# Hand Line for Kayaking



## Coast2Coast (Aug 22, 2017)

Hey everyone, loving the forums so far. I love checking out the weather reports, learning how to build certain rigs and of course videos from fisherman much, much better then I am. Truth be told I don't even really know what I am doing 

One of my favorite things to do on the water is kayaking, and I live being able to bring some line with me so if I decide that this is a good spot to fish, then I can just chill out for 30 minutes and test my luck. I normally do this with a very, very basic hand lines that included a long line that was tied around a water bottle with a knot around the neck so I would stop before completely unreeling. I think it is time to look a little better when I go fishing, so I want to get a proper hand line. I know that this is something more unique than what most people are using/asking for but I just really enjoy the simplicity of it; if you don't catch anything you don't catch anything and move on instead of trying different lures and baits for an hour. So, if anyone could recommend somewhere in the States that makes and sells hand lines that would be greatly appreciated


----------



## Papa-T (Sep 5, 2011)

Well that's a unique thing to do. Not for me but I guess it would be less clutter. Maybe just a thought; go on eBay and purchase a dive reel. Their used by scuba divers as a way to release a guide line for diving in caves or retrieving a dive bag you filled at the bottom and winding back up once your topside. Some also use them for controlling anchor lines while kayaking but I don't see why it wouldn't work for what your doing. They have a handle and a crank to wind in. You might have to change out the line that comes on it to smaller line . It's a thought.


----------



## goinfishing (Sep 10, 2013)

You can find what you're looking for online as I haven't seen in stores here. It's called a Cuban yoyo. I picked a few up in Puerto Rico a few years ago on vacation and still use for the reason you have above, just not on a kayak. I tie a weight on the end and a hook on a dropper loop about 12" above.


----------



## Coast2Coast (Aug 22, 2017)

Awesome, thanks for the suggestions guys. I will take a look online and see how I do, the Cuban Yoyo sounds exactly what I need but if I can't find it then I will take a look at dive reels.


----------



## dawgfsh (Mar 1, 2005)

Got my cuban yoyo at Field and Stream.


----------



## Coast2Coast (Aug 22, 2017)

Coast2Coast said:


> Hey everyone, loving the forums so far. I love checking out the weather reports, learning how to build certain rigs and of course videos from fisherman much, much better then I am. Truth be told I don't even really know what I am doing
> 
> One of my favorite things to do on the water is kayaking, and I live being able to bring some line with me so if I decide that this is a good spot to fish, then I can just chill out for 30 minutes and test my luck.

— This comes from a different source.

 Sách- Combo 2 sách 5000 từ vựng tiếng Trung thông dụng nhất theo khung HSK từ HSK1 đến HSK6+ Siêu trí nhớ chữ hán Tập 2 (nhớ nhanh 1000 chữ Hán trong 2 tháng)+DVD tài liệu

I normally do this with a very, very basic hand lines that included a long line that was tied around a water bottle with a knot around the neck so I would stop before completely unreeling. I think it is time to look a little better when I go fishing, so I want to get a proper hand line. I know that this is something more unique than what most people are using/asking for but I just really enjoy the simplicity of it; if you don't catch anything you don't catch anything and move on instead of trying different lures and baits for an hour. So, if anyone could recommend somewhere in the States that makes and sells hand lines that would be greatly appreciated


Thanks for the advice everyone, went and got myself a Cuban yoyo hand fishing rod/line and after practicing in the pond out back I am really getting used to it and cannot wait to take this out looking for real fish. Cheers everyone, good luck fishing!


----------



## goinfishing (Sep 10, 2013)

Good to hear! Have fun


----------